The sample C# code (LowerUpper.cs) implements the IMessageTransformer interface and republishes both lower and upper case versions of the message.

Once the transformer had been loaded then compiled there was no noticeable difference between the application, loaded from constant string, and loaded from external file versions.

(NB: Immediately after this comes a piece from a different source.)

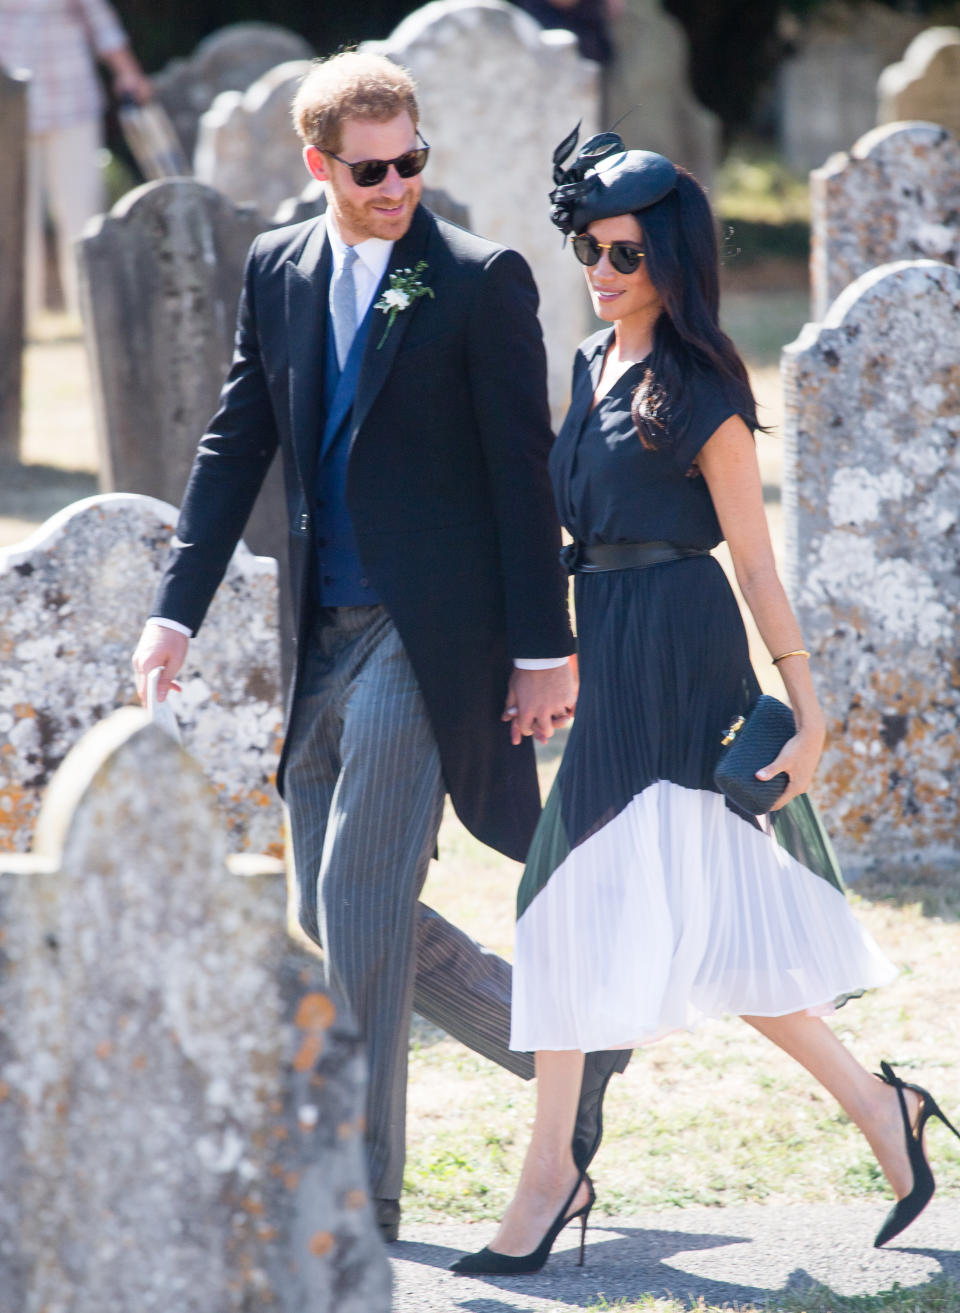 On August 4, the Duke and Duchess of Sussex attended Charlie Van Straubenzee and Daisy Jenk’s wedding [Photo: Getty]

private static void OnMessageReceived(object? sender, HiveMQtt.Client.Events.OnMessageReceivedEventArgs e)
{
   HiveMQClient client = (HiveMQClient)sender!;

   Console.WriteLine($"{DateTime.UtcNow:yy-MM-dd HH:mm:ss:fff} HiveMQ.receive start");
   Console.WriteLine($" Topic:{e.PublishMessage.Topic} QoS:{e.PublishMessage.QoS} Payload:{e.PublishMessage.PayloadAsString}");

   Console.WriteLine($"{DateTime.UtcNow:yy-MM-dd HH:mm:ss:fff} HiveMQ.Publish start");
   foreach (string topic in _applicationSettings.PublishTopics.Split(',', StringSplitOptions.RemoveEmptyEntries | StringSplitOptions.TrimEntries))
   {
      e.PublishMessage.Topic = string.Format(topic, _applicationSettings.ClientId);

      var transformer = _scriptEngine.GetTransformer();

      if (transformer is null)
      {
         Console.WriteLine($"{DateTime.UtcNow:yy-MM-dd HH:mm:ss:fff} Transformer is null");
         return;
      }

      var transformedMessages = transformer.Transform(e.PublishMessage);
      if (transformedMessages is null)
      {
         Console.WriteLine($"{DateTime.UtcNow:yy-MM-dd HH:mm:ss:fff} Transformer returned null");
         return;
      }

      if (transformedMessages.Length == 0)
      {
         Console.WriteLine($"{DateTime.UtcNow:yy-MM-dd HH:mm:ss:fff} Transformer returned no messages");
         return;
      }

      foreach (MQTT5PublishMessage message in transformer.Transform(e.PublishMessage))
      {
         if (message is null)
         {
            Console.WriteLine($"{DateTime.UtcNow:yy-MM-dd HH:mm:ss:fff} Transformer message is null");

            continue;
         }

         try
         {
            Console.WriteLine($"{DateTime.UtcNow:yy-MM-dd HH:mm:ss:fff} Topic:{e.PublishMessage.Topic} HiveMQ Publish start ");

            var resultPublish = client.PublishAsync(message).GetAwaiter().GetResult();

            Console.WriteLine($"{DateTime.UtcNow:yy-MM-dd HH:mm:ss:fff} Published:{resultPublish.QoS1ReasonCode} {resultPublish.QoS2ReasonCode}");
         }
         catch (Exception ex)
         {
            Console.WriteLine($"{DateTime.UtcNow:yy-MM-dd HH:mm:ss:fff} HiveMQ Publish exception {ex.Message}");
         }
      }
   }
   Console.WriteLine($"{DateTime.UtcNow:yy-MM-dd HH:mm:ss:fff} HiveMQ.Receive finish");
}

I used a local instance of NanoMQ: An Ultra-lightweight MQTT Broker for IoT Edge for testing

The MQTTX application subscribed to topics that devices (XiaoTandHandCO2A, XiaoTandHandCO2B etc.) and the simulated bridge (in my case DESKTOP-EN0QGL0) published.